—Je suis sa femme, répliqua-t-elle avec un air de fierté, avec un accent plein de noblesse.—Voici, depuis sept ans, le premier bonheur qui ne me vienne pas de lui, ajouta-t-elle en saisissant la main de son père et l'embrassant, et voici le premier reproche que j'aie entendu.
—Et ta conscience?
—Ma conscience! mais c'est lui. En ce moment elle tressaillit violemment.—Le voici, dit-elle. Même dans un combat, entre tous les pas, je reconnais son pas sur le tillac.

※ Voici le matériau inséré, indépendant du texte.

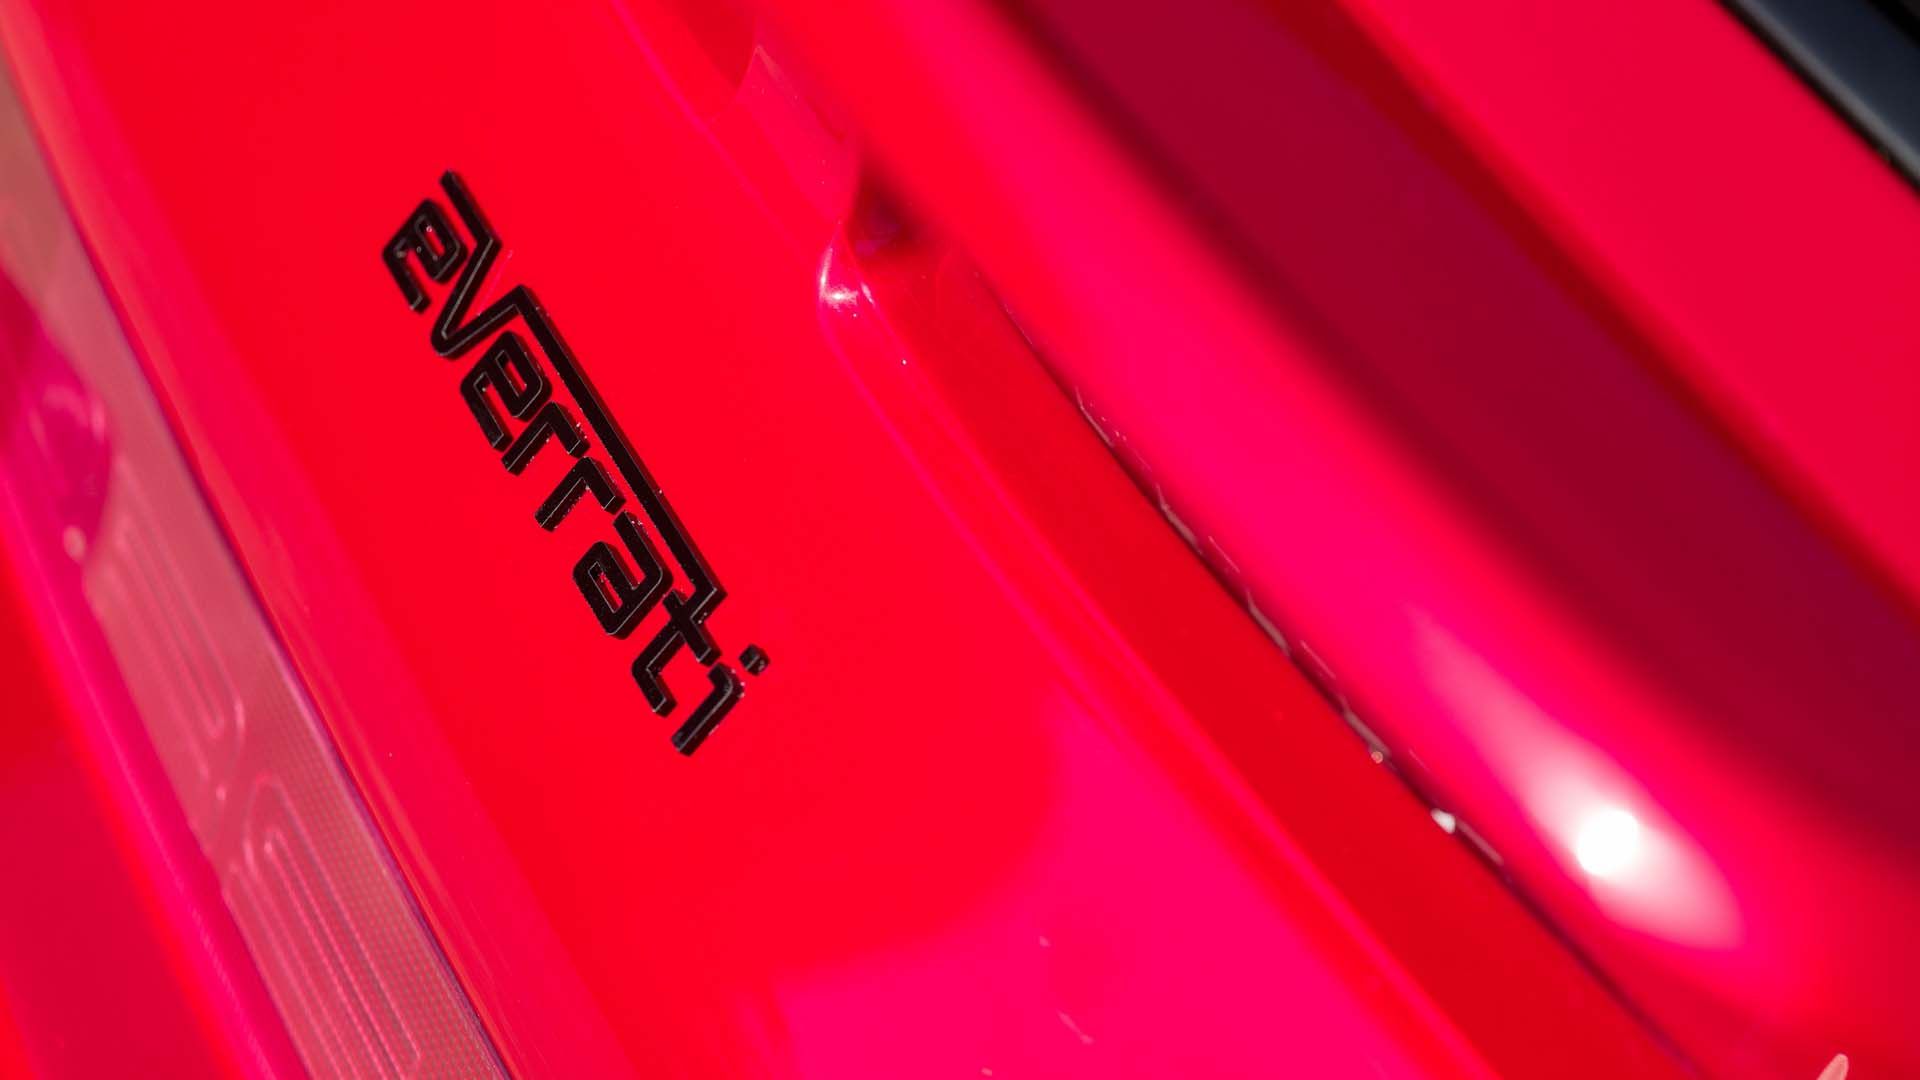 بدنه خودروی برقی پورشه 911 اوررتی / Everrati Porsche 911 EV  قرمز رنگ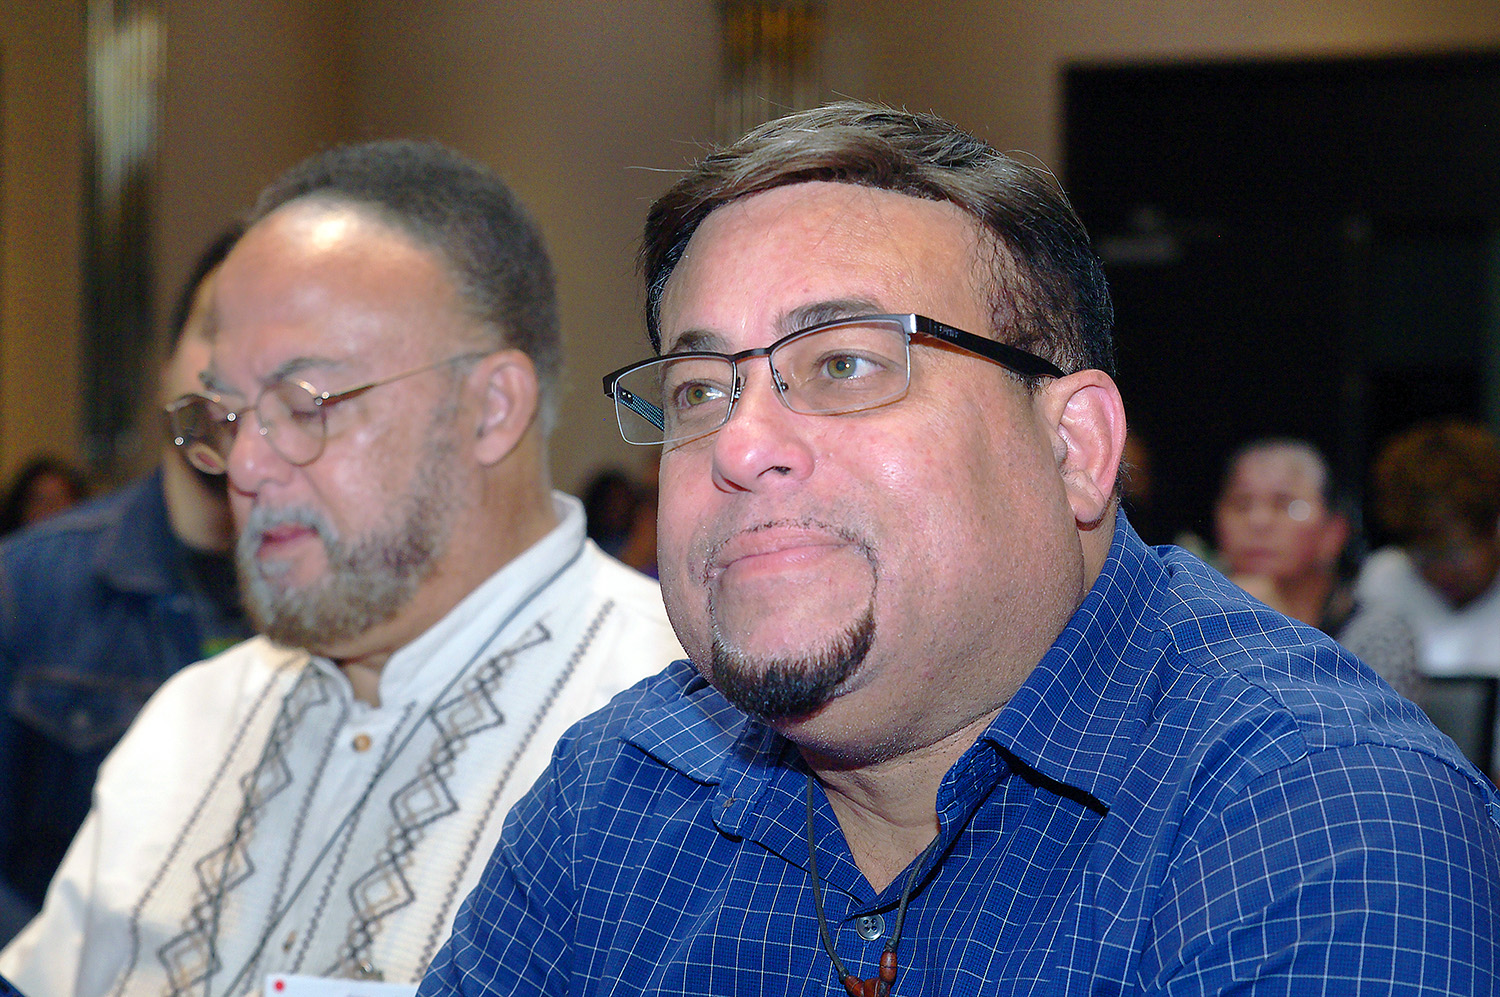 Os Reverendos Irvin e Edwin Cotto, Diretor de Desenvolvimento Congregacional da Conferência Leste da Pensilvânia e Pastor da IMU Cristo na Conferência Anual da Flórida, respectivamente, são irmãos de sangue e líderes reconhecidos dentro da comunidade Metodista Unida Hispano-Latina.

Et tout à coup une rougeur empourpra ses joues, fit resplendir ses traits, briller ses yeux, et son teint devint d'un blanc mat... Il y avait du bonheur et de l'amour dans ses muscles, dans ses veines bleues, dans le tressaillement involontaire de toute sa personne. Ce mouvement de sensitive émut le général. En effet, un instant après le corsaire entra, vint s'asseoir sur un fauteuil, s'empara de son fils aîné, et se mit à jouer avec lui. Le silence régna pendant un moment; car, pendant un moment, le général, plongé dans une rêverie comparable au sentiment vaporeux d'un rêve, contempla cette élégante cabine, semblable à un nid d'alcyons, où cette famille voguait sur l'Océan depuis sept années, entre les cieux et l'onde, sur la foi d'un homme, conduite à travers les périls de la guerre et des tempêtes, comme un ménage est guidé dans la vie par un chef au sein des malheurs sociaux... Il regardait avec admiration sa fille, image fantastique d'une déesse marine, suave de beauté, riche de bonheur, et faisant pâlir tous les trésors qui l'entouraient devant les trésors de son âme, les éclairs de ses yeux et l'indescriptible poésie exprimée dans sa personne et autour d'elle. Cette situation offrait une étrangeté qui le surprenait, une sublimité de passion et de raisonnement qui confondait les idées vulgaires. Les froides et étroites combinaisons de la société mouraient devant ce tableau. Le vieux militaire sentit toutes ces choses, et comprit aussi que sa fille n'abandonnerait jamais une vie si large, si féconde en contrastes, remplie par un amour si vrai; puis, si elle avait une fois goûté le péril sans en être effrayée, elle ne pouvait plus revenir aux petites scènes d'un monde mesquin et borné.
—Vous gêné-je? demanda le corsaire en rompant le silence et regardant sa femme.
—Non, lui répondit le général, Hélène m'a tout dit. Je vois qu'elle est perdue pour nous...
—Non, répliqua vivement le corsaire... Encore quelques années, et la prescription me permettra de revenir en France. Quand la conscience est pure, et qu'en froissant vos lois sociales un homme a obéi...
Il se tut, en dédaignant de se justifier.
—Et comment pouvez-vous, dit le général en l'interrompant, ne pas avoir des remords pour les nouveaux assassinats qui se sont commis devant mes yeux?
—Nous n'avons pas de vivres, répliqua tranquillement le corsaire.